Yardley Rural District was a local government administrative district formed from the parish of Yardley, historically part of Worcestershire under the Local Government Act 1894. The Rural District included the wards of Yardley Wood. Yardley Council House was originally erected to house the Rural District Council (Yardley RDC).

By 1911 Yardley was a residential suburb of Birmingham and was annexed to Birmingham and Warwickshire under the 1911 Greater Birmingham Act.
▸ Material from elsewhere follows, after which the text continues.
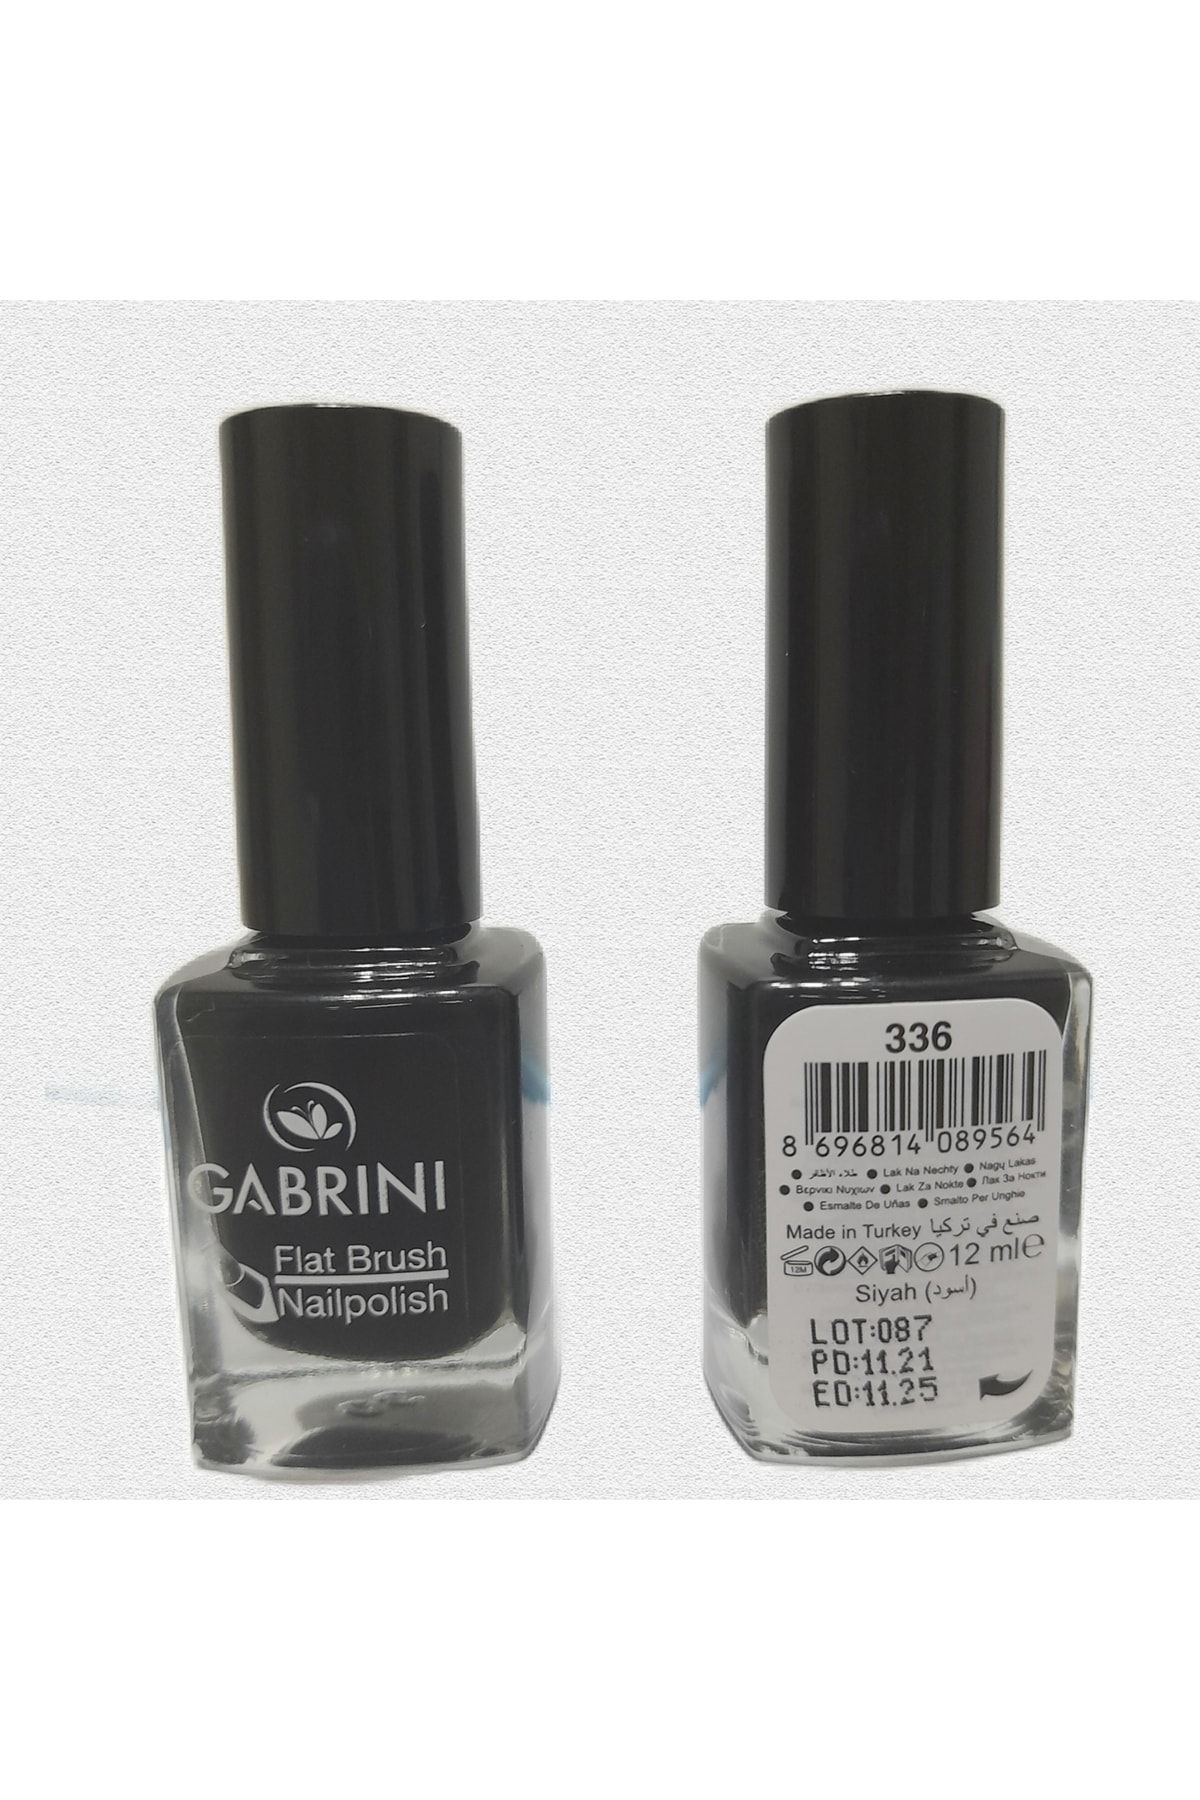 Gabrini Flat Brush Oje Siyah No: 336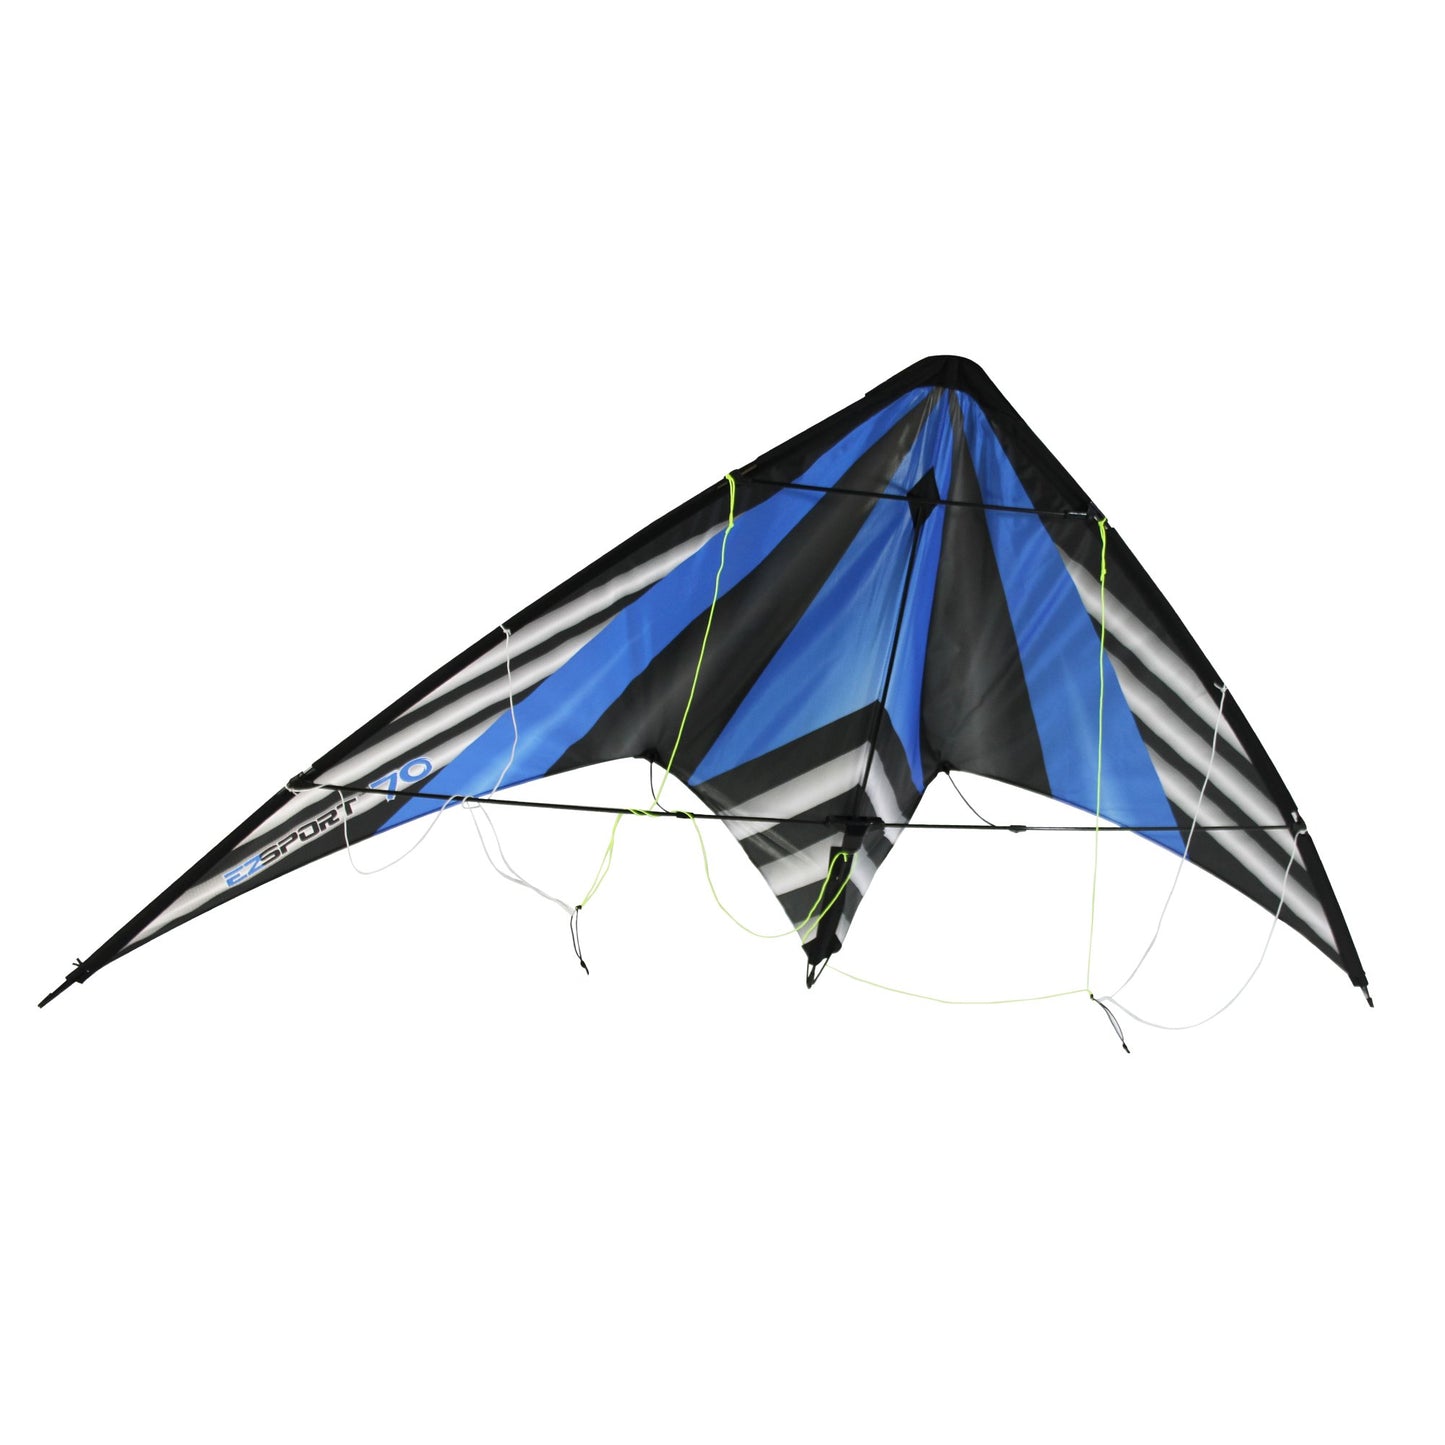 WindNSun EZ Sport 70 Dual Control Sport Kite Blue Stripe Nylon Kite Product Image

Birmingham's Worcestershire heritage can be seen at Acocks Green police station where the building is decorated with a "three pears" motif from the Worcestershire coat of arms.

A small section of Yardley, called Old Yardley, was granted conservation area status in 1969, becoming Birmingham's first conservation area.

In 1981, an Arcon V prefab home on Moat Lane was dismantled and transported to Avoncroft Museum of Historic Buildings.

==Education==

Yardley has five main primary schools. These are Yardley, Blakesley Hall, Lyndon Green, Oasis Academy Hobmoor and St. Bernedettes. It also has two main secondary schools, which are Cockshut Hill School and King Edward VI Sheldon Heath Academy.

Hobmoor Primary School moved to new premises in Summer 2007. The former building has been demolished and the site remains vacant to be redeveloped.

==Transport==
Yardley's nearest railway station is Stechford railway station. It is served by National Express West MidlandsDiamond Bus.

The area used to be well-served by horse-buses and then by steam buses. Electric trams were then introduced and they travelled across a new bridge at the River Cole to the Swan.